In this way, the DLC IR faclitates lowering of access and execute code to target dialects like LLVM.

SCF → SLC lowering pipeline (tools\ember-opt.cpp with --scf-to-slc flag)

Ember lowers PyTorch/TensorFlow code to MLIR SCF code through state-of-the-art tools like torch-mlir or MPACT. Then, thourgh the tools\ember-opt.cpp pipeline, Ember lowers SCF code to SLC code to perform global optimizations before lowering to decoupled code. All the passes within such pipeline are either placed in the lib\Conversion or lib\Transforms folder.

In particular, Ember lowers SCF to SLC in three main steps:

  1. Recursive traversal with lib\Transforms\ChooseDecoupling This transformation pass scans the SCF IR and:
    • Marks loop offloading candidates (by inserting special operations in their bodies)
    • Marks loop vectorization candidates (also via special operations)
    • Places beg/ite/end callbacks around offloading candidates
    • Keeps non-offloaded operations outside callbacks
    • Moves offloaded operations inside callbacks
  2. Conversion with lib\Conversion\ScfToSlc A match-and-rewrite pass that lowers the marked SCF constructs into SLC operations, specifically:
    • All SCF loops marked for offloading
    • All load, add, and mul operations outside callbacks
  3. Canonicalization with lib\Transforms\MoveToValOps pass Match and rewrite pass that moves to_val ops into callbacks

When in the prject folder, this pipeline can be run with bazel run //tools:ember-opt -- --debug --debug-only=dialect_conversion --mlir-print-ir-after-all --allow-unregistered-dialect --scf-to-slc $PWD/tests/eb_scf.mlir

SLC optimization pipeline (tools\ember-opt.cpp with --optimize flag)

At first, Ember vectorizes code using a two-step process:

  1. Access code vectorization with the lib\Conversion\SlcVectorizer pass
  2. Execute code vectorization with the lib\Transforms\CallbackVectorizer pass

To ensure type correctness, the first conversion pass inserts temporary vector-to-scalar cast operations before each stream-to-value cast inside callbacks. The second pattern-rewriting pass then iteratively transforms the IR by:

  • Using the temporary cast operations to track the frontier of vectorized instructions
  • Replacing each scalar operation with a vectorized counterpart, followed by a new temporary cast
  • Advancing the frontier until all eligible operations are vectorized

All the other optimizations are implemented as match-and-rewrite passes that walk the IR to detect and transform specific patterns.

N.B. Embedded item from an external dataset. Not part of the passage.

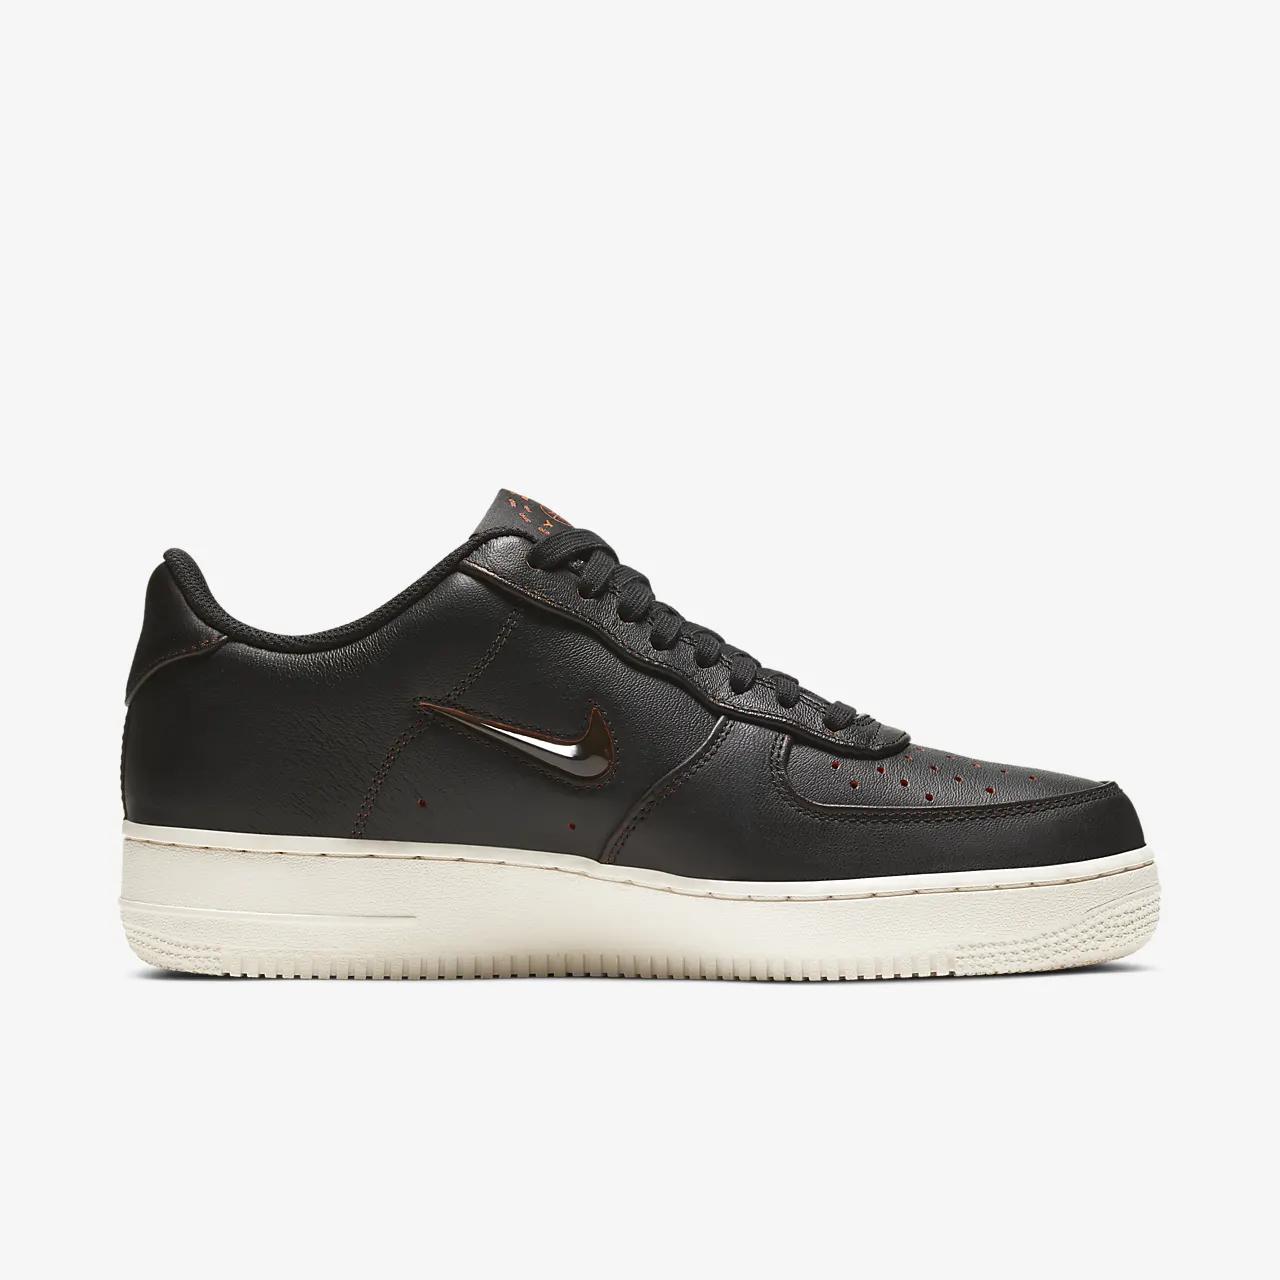 Nike Air Force 1 '07 Premium Men's Shoe CK4392-001
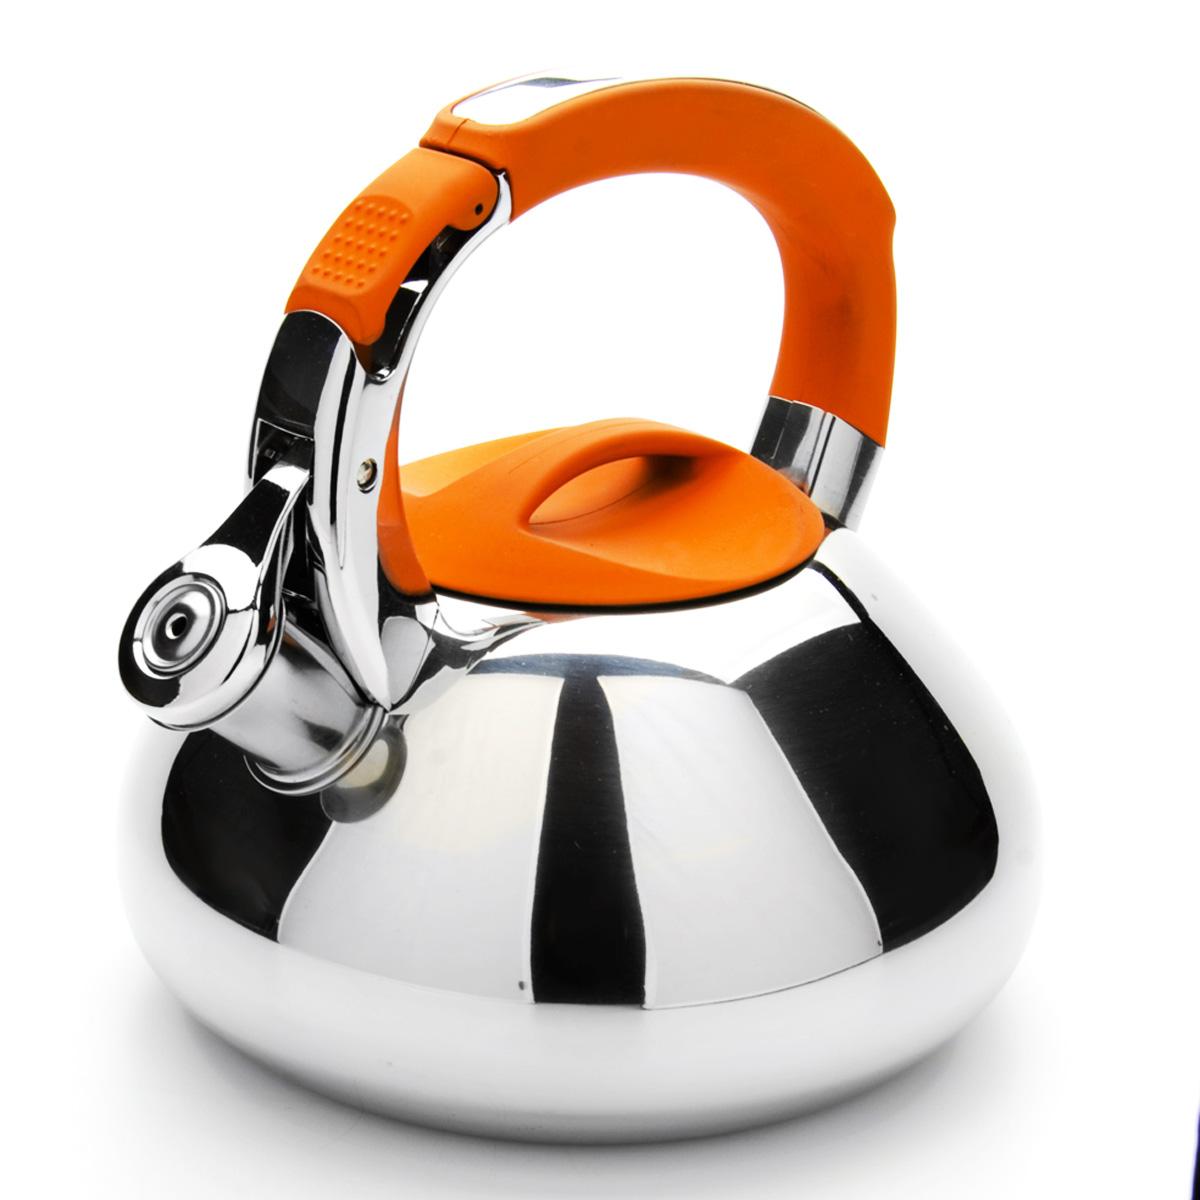 Чайник Mayer & Boch со свистком, цвет: оранжевый, 2,9 л. 2359223592Чайник Mayer & Boch выполнен из высококачественной нержавеющей стали, что обеспечивает долговечность использования. Внешнее зеркальноепокрытие придает приятный внешний вид. Фиксированная ручка из нейлона делает использование чайника очень удобным и безопасным. Чайник снабжен свистком и устройством для открывания носика, которое находится на ручке. Можно мыть в посудомоечной машине. Пригоден для всех видов плит, включая индукционные. Высота чайника (без учета крышки и ручки): 10 см.Диаметр основания: 16,5 см.

Overall, the full lowering and optimization tools\ember-opt.cpp pipeline consists of, in order:

  1. lib\Transforms\ChooseDecoupling pass
    • Marks loop offloading/vectorization candidates
    • Places beg/ite/end callbacks
    • Moves ops inside/outside callbacks
  2. lib\Conversion\ScfToSlc pass
    • Converts SCF loops/loads/add/mul into SLC ops
  3. lib\Conversion\SlcVectorizer pass
    • Vectorizes marked loops (not callbacks)
  4. lib\Transforms\SimplifyCastOps pass
    • Cleans up temporary cast ops
  5. lib\Transforms\CallbackVectorizer pass
    • Vectorizes callback contents
  6. lib\Transforms\BufferCompoundTypes pass
    • Bufferizes compound types (details in paper)
  7. lib\Transforms\ReplaceToValOps pass
    • Queue alignment (details in paper)
  8. lib\Transforms\SimplifyMemOps pass
    • Optimizes vector loads with sequential indices

When in the prject folder, this pipeline can be run with bazel-bin/tools/ember-opt --debug '--debug-only=dialect_conversion' --mlir-print-ir-after-all --allow-unregistered-dialect --optimize $PWD/tests/eb_slc_O0.mlir

SLC → DLC lowering pipeline (tools\ember-opt.cpp with --slc-to-dlc flag)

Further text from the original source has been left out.